>>>>

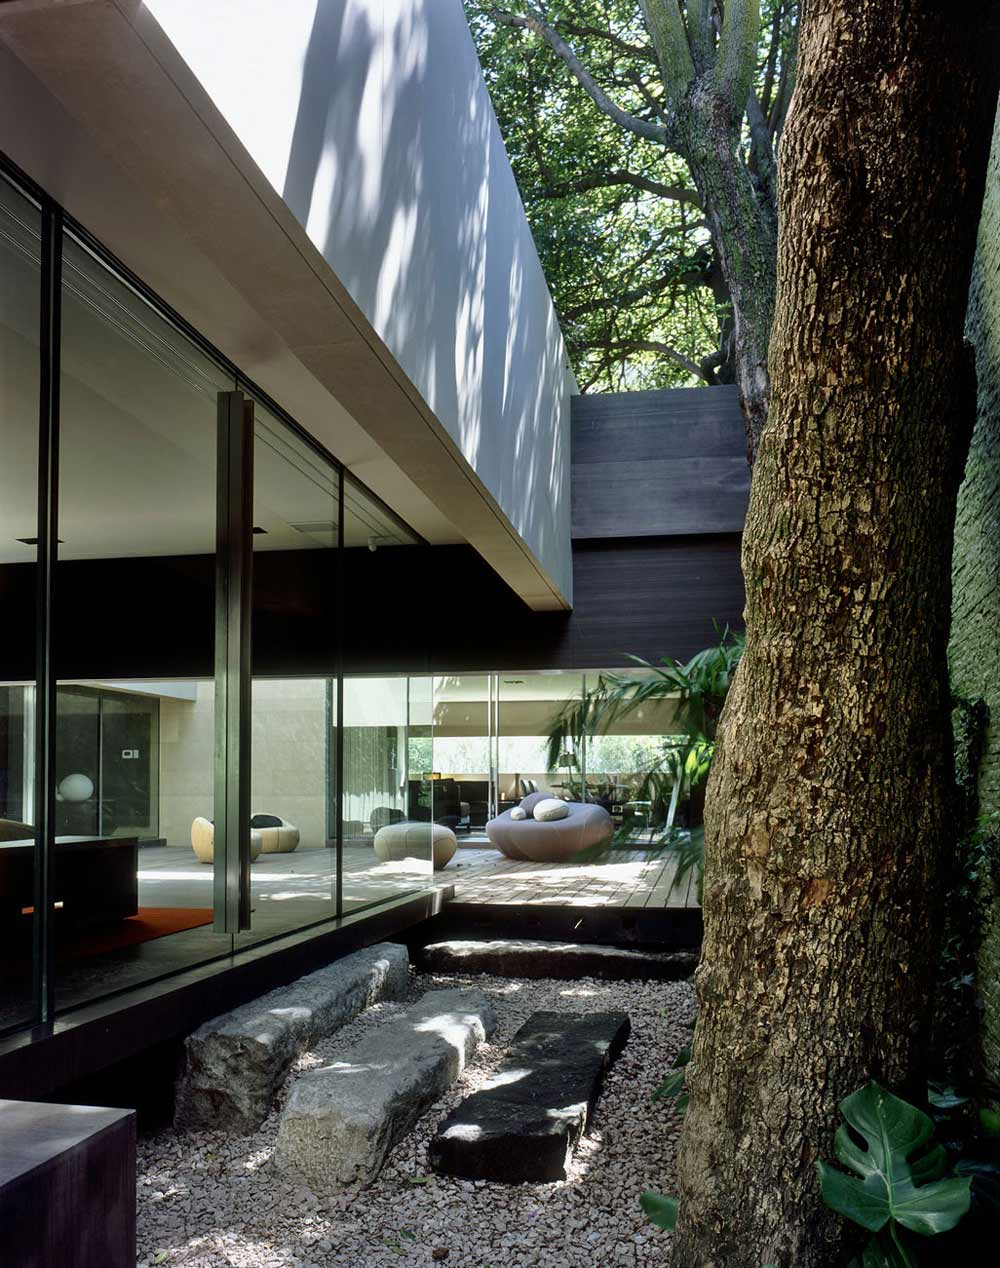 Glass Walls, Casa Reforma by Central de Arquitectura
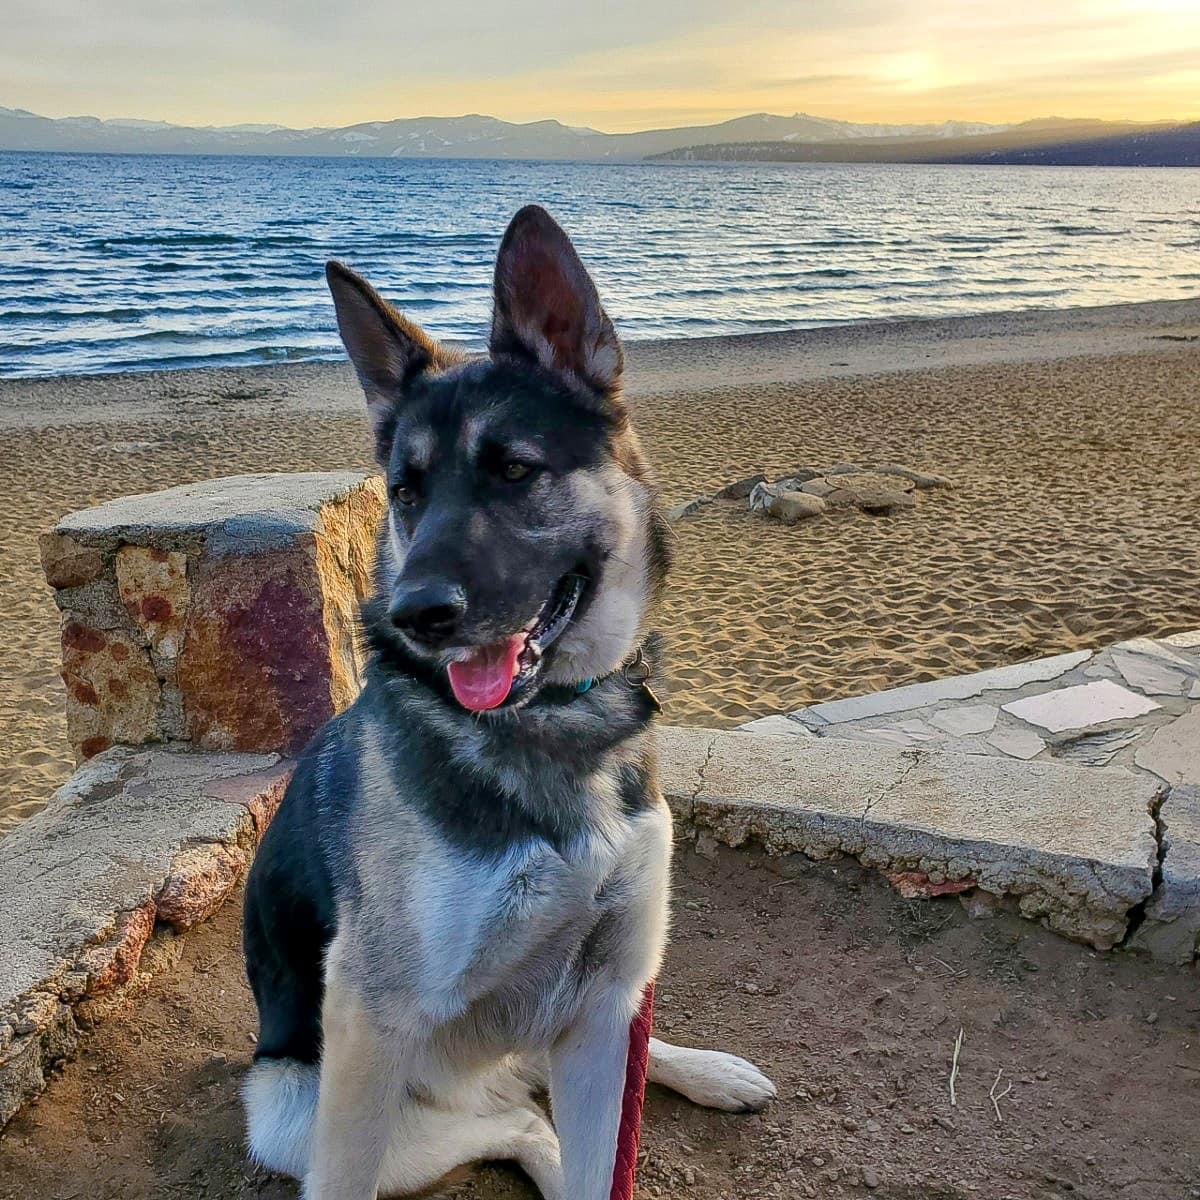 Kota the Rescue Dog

<<<<
>>>>

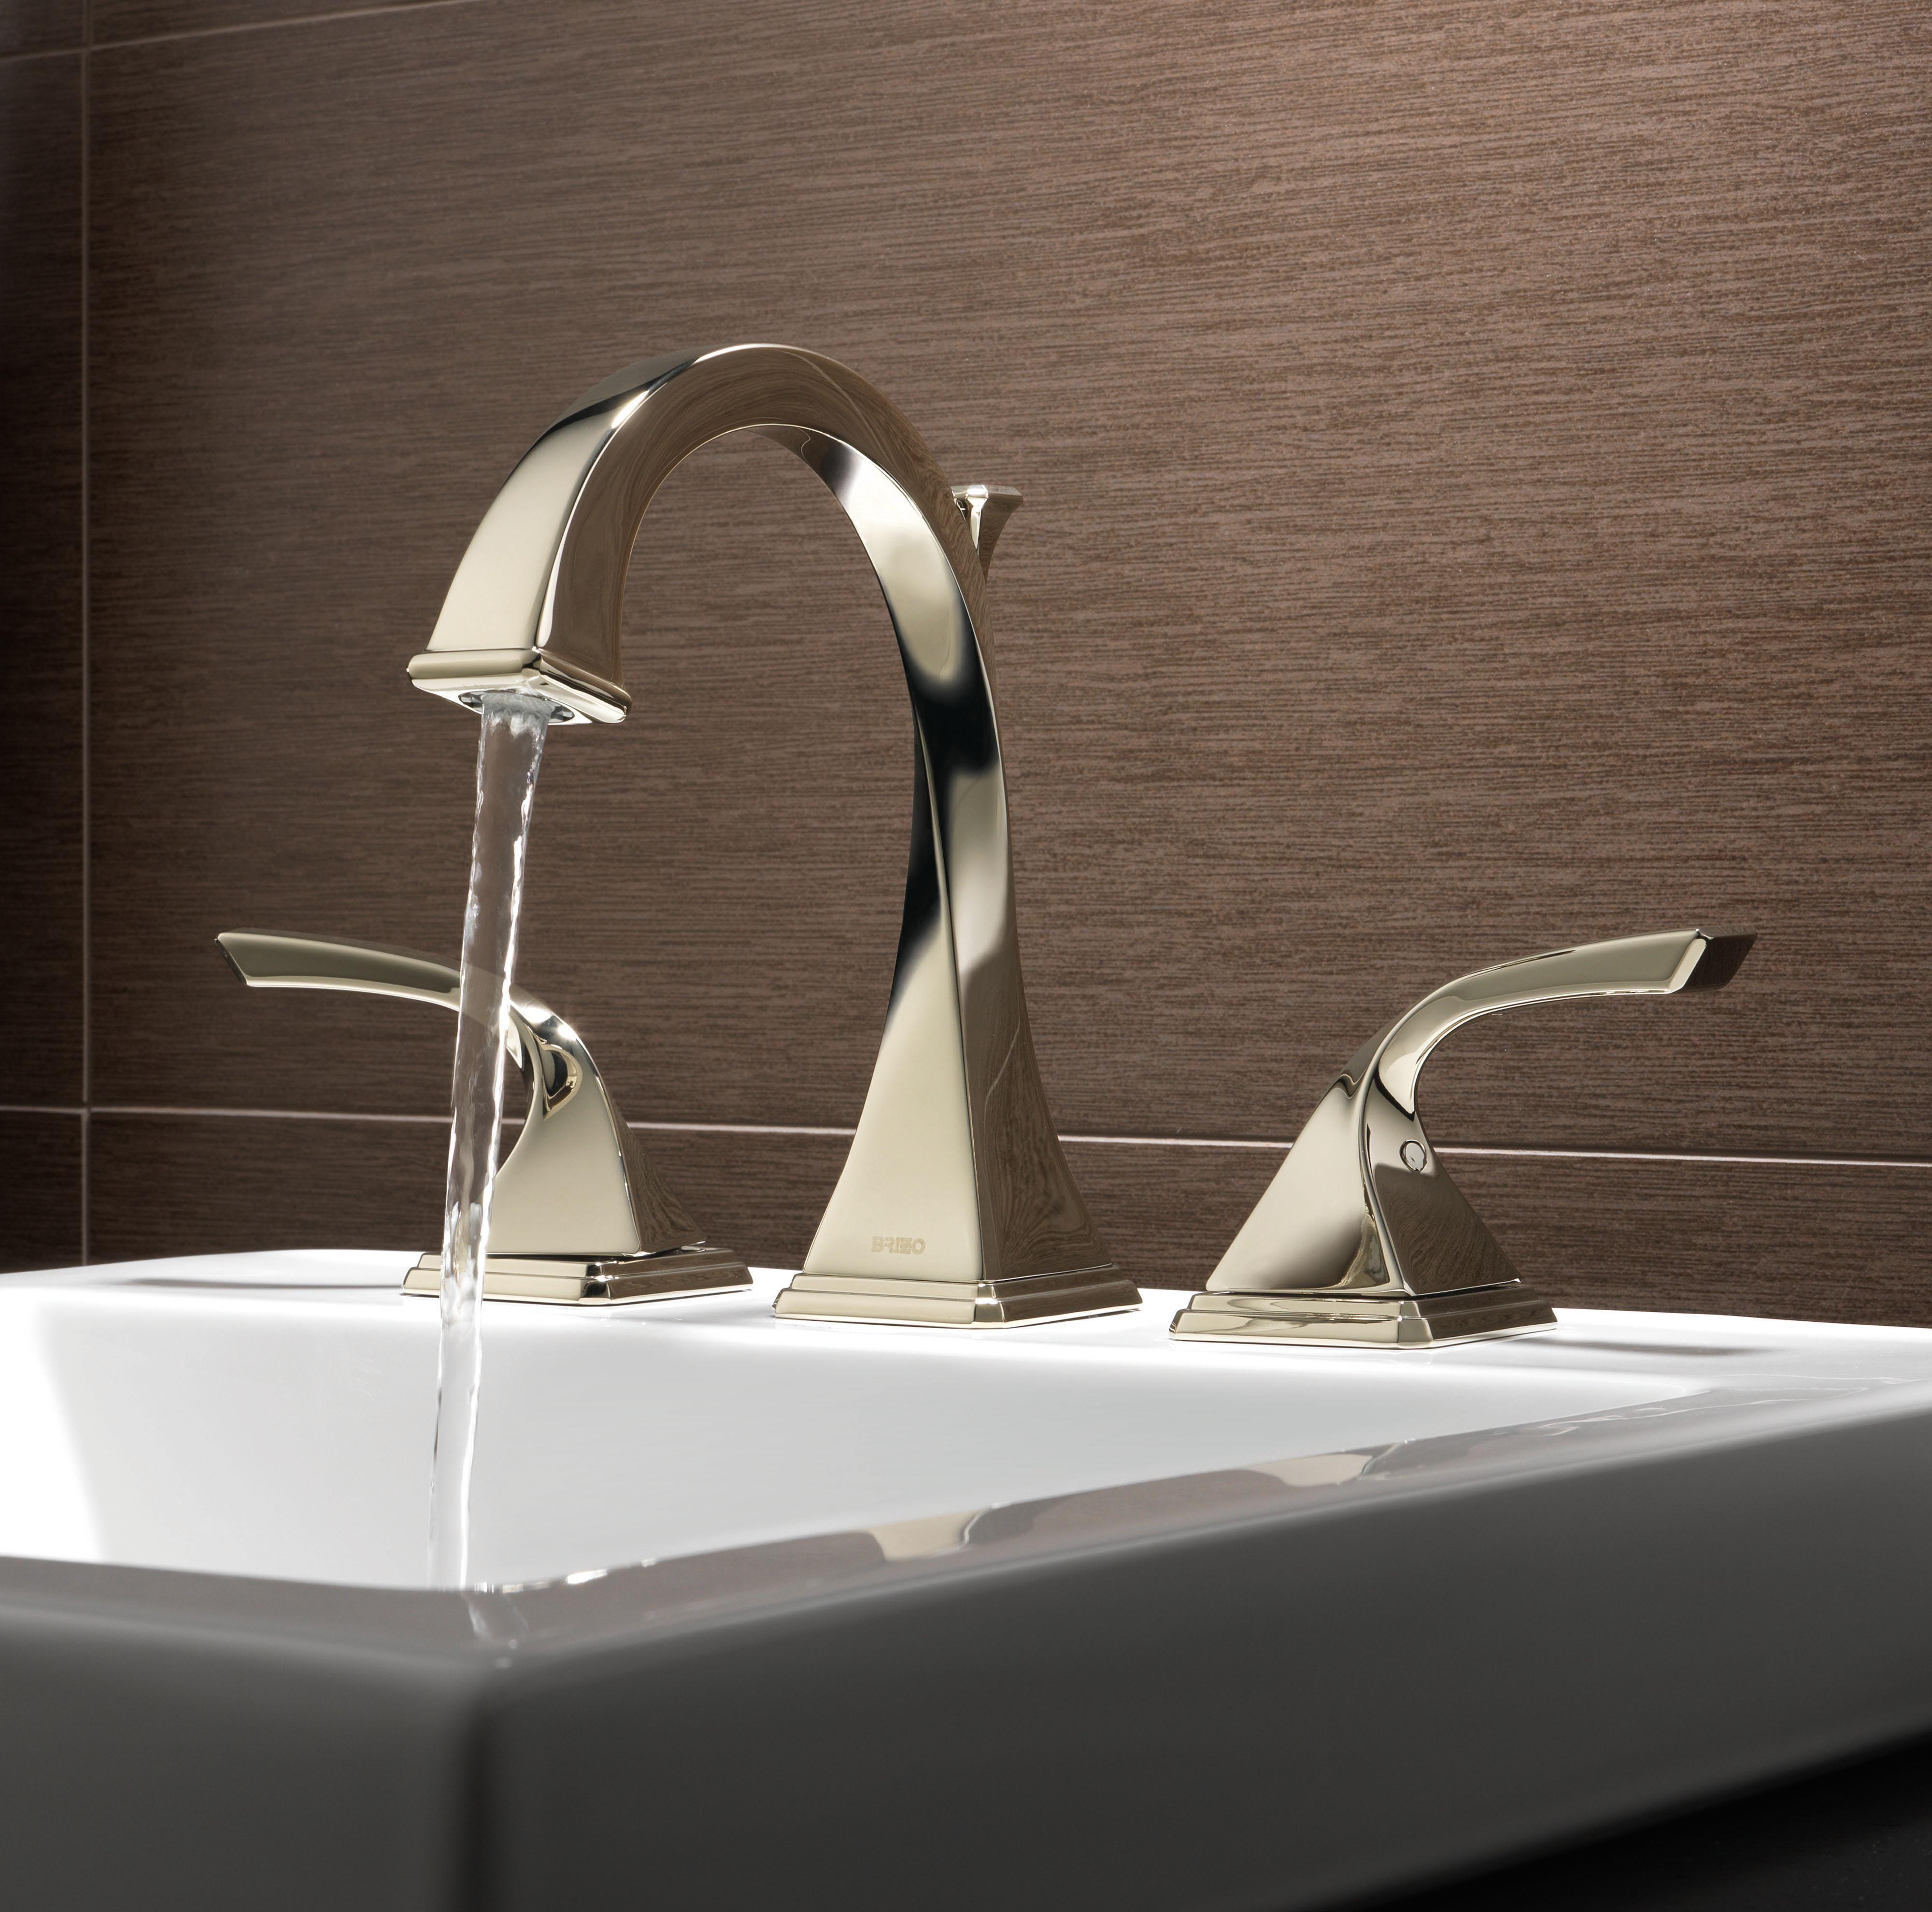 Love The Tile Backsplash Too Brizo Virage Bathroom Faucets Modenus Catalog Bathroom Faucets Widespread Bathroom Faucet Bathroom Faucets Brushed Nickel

<<<<

**Your instructions:**
Pictures excluded, give again exactly and only the lines of the material above from the line with "Glass Walls, Casa" through the line with "Kota the Rescue Dog".

**Solution to the exercise:**
 Glass Walls, Casa Reforma by Central de Arquitectura
 Kota the Rescue Dog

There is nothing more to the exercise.